To enable Mia to identify unusual interests, taking context into account, Mia Learning uses machine learning. We have developed neural networks that extend Mia’s ability to do named entity recognition. (More specifically, Mia uses deep convolutional neural networks with residual embedding.) We trained these networks, which build on a general statistical model of English usage, using a large set of real world texts in which people talk about books. Our team annotated all the phrases within these texts that correspond to the types of interests for which Mia listens. Our machine learning technology used some of the annotated documents to build a statistical model and tested its ability to correctly identify the named entities in the remaining ones. It then went through thousands of iterations of adjusting and testing the model to maximize its accuracy.
Determining Interests from What Kids Do
In addition to listening to what kids say about their interests, Mia observes what they do. Anytime a child does something using the app that may be relevant to understanding the child as a reader, Mia records it as an experience (using the Experience API, also known as xAPI, format). Many of these experiences provide clues about children’s interests. For example, suppose the child Mia knows is interested in animals and humorous stories from the statement we have been dissecting chooses C.S. Lewis’s novel The Horse and His Boy from Mia’s recommendations. This action suggests that the child may be interested in books with similar qualities to those of The Horse and His Boy. Although the child may not yet be able to say so, they are likely to be interested in the genre “fantasy fiction” and in books with “courageous” characters. While reflecting on their reading with Mia, if the child reports a highly satisfactory experience with the book, this is an even stronger indicator of these interests.

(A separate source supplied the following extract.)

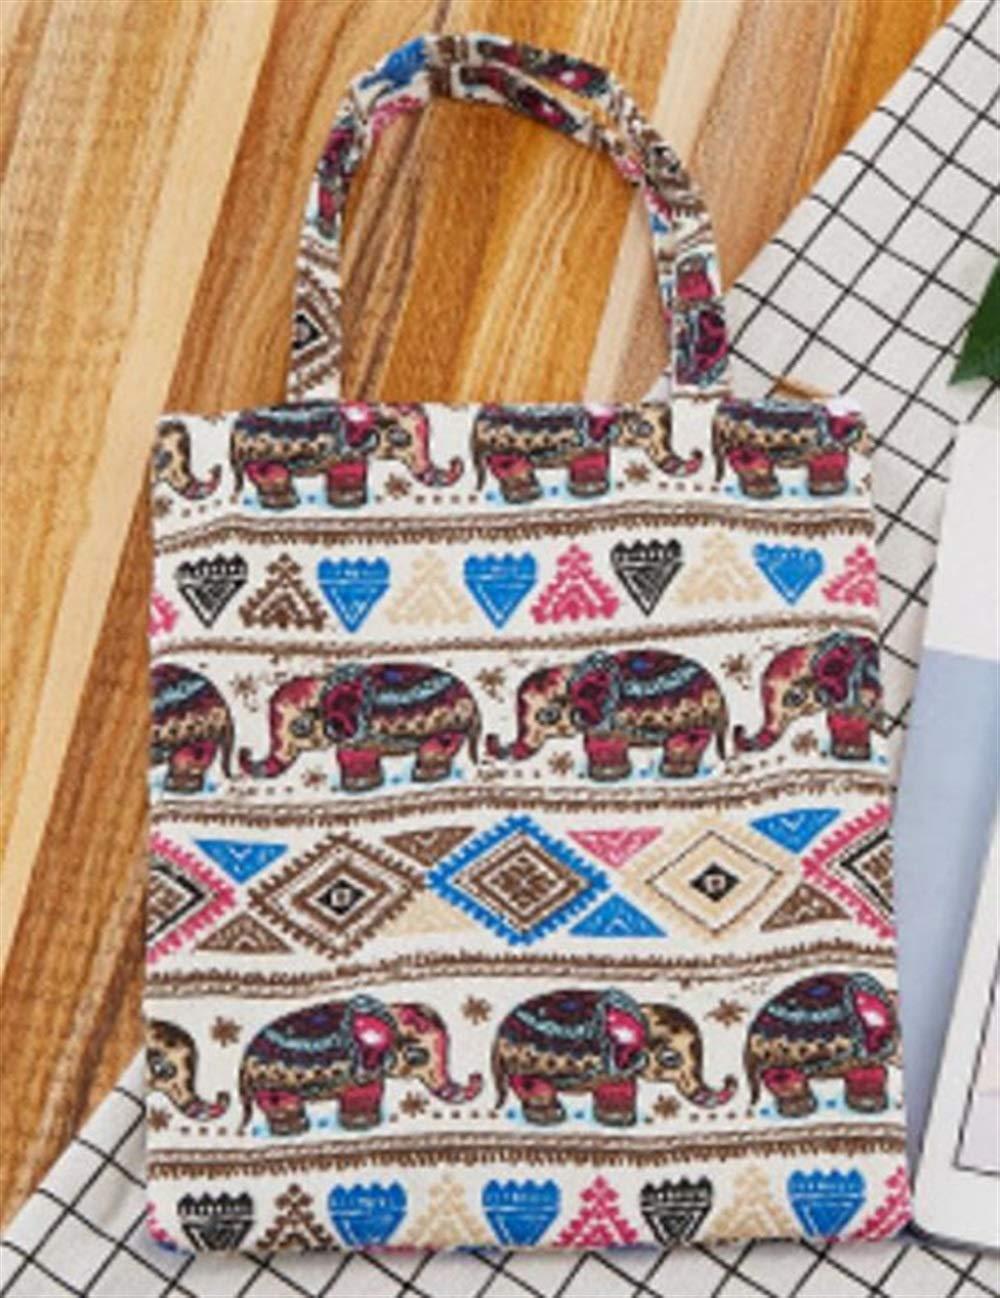 WHXYAA Elephant Printed Canvas Bag Shoulder Bag Tote Bag Ladies Large-Capacity Shopping Bag Environmentally Friendly Tote Bag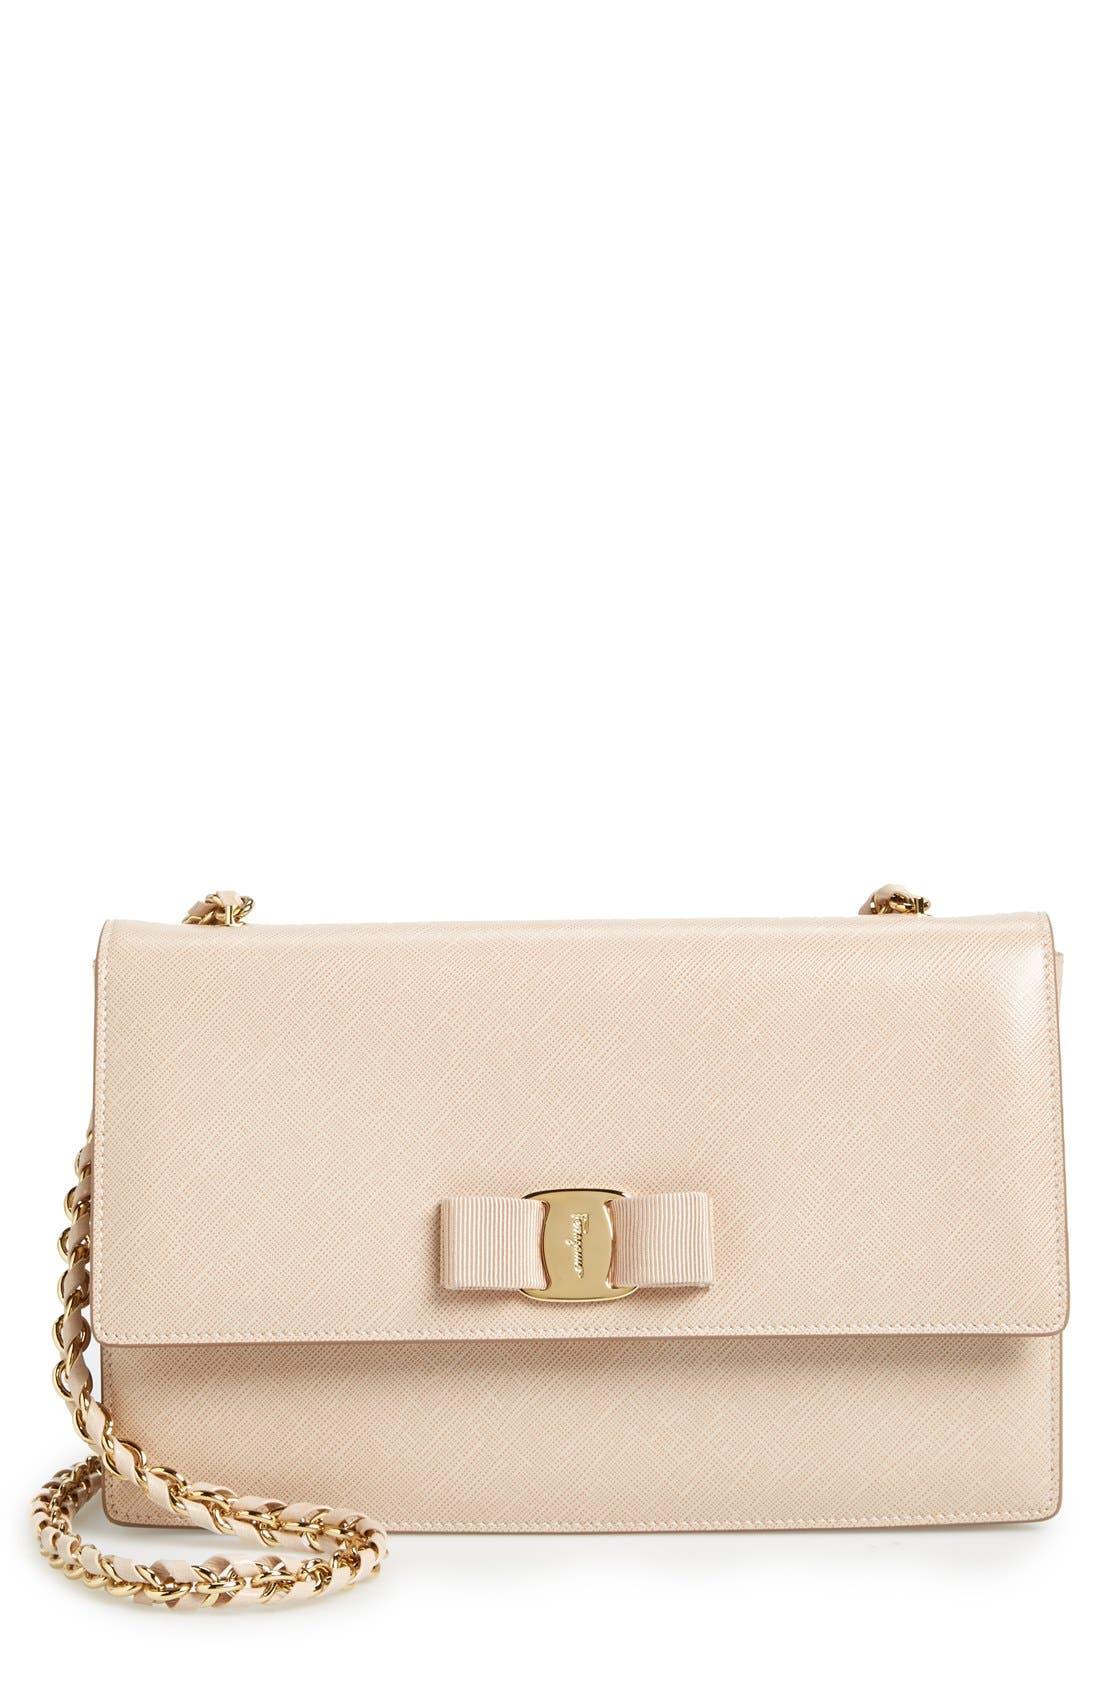 Saffiano Leather Shoulder Bag,                             Main thumbnail 1, color,                             250

Refining Interests Through Reflection
Through the process of observation of relevant experiences, Mia learns more and more about children’s interests as they choose books, read them, and reflect on the experience. However, Mia needs each child’s help to ensure that her profile of their interests is accurate. In some cases, Mia’s hypotheses about a child’s interests based on their experience records may be off base. For example, the horse-loving child could have just liked this particular work of fantasy fiction because of its themes or characters and not have much interest in other books from that genre. A child’s interests are also likely to change over time. The early preference for humorous stories might fade as the child increasingly chooses to read for purposes other than entertainment, such as to learn skills related to leathercraft, a new hobby.
To ensure that her understanding of interests is accurate and up-to-date, periodically Mia discusses what she thinks she knows about the a child’s interests with the child. Children can correct Mia’s mistaken conjectures, disavow stated interests that have faded over time, and share new ones. Researchers call using this approach an open learner model.
Through ongoing observation and discussion, Mia develops an increasingly sophisticated picture of a child’s interests that enables her to make increasingly effective book recommendations and to provide increasingly personalized coaching. The child also benefits from this process directly as their understanding of their own interests sharpens through reflection and their interests grow broader and deeper through exposure to new books. I hope this post has helped you understand how Mia uses cutting edge AI technologies to make this possible.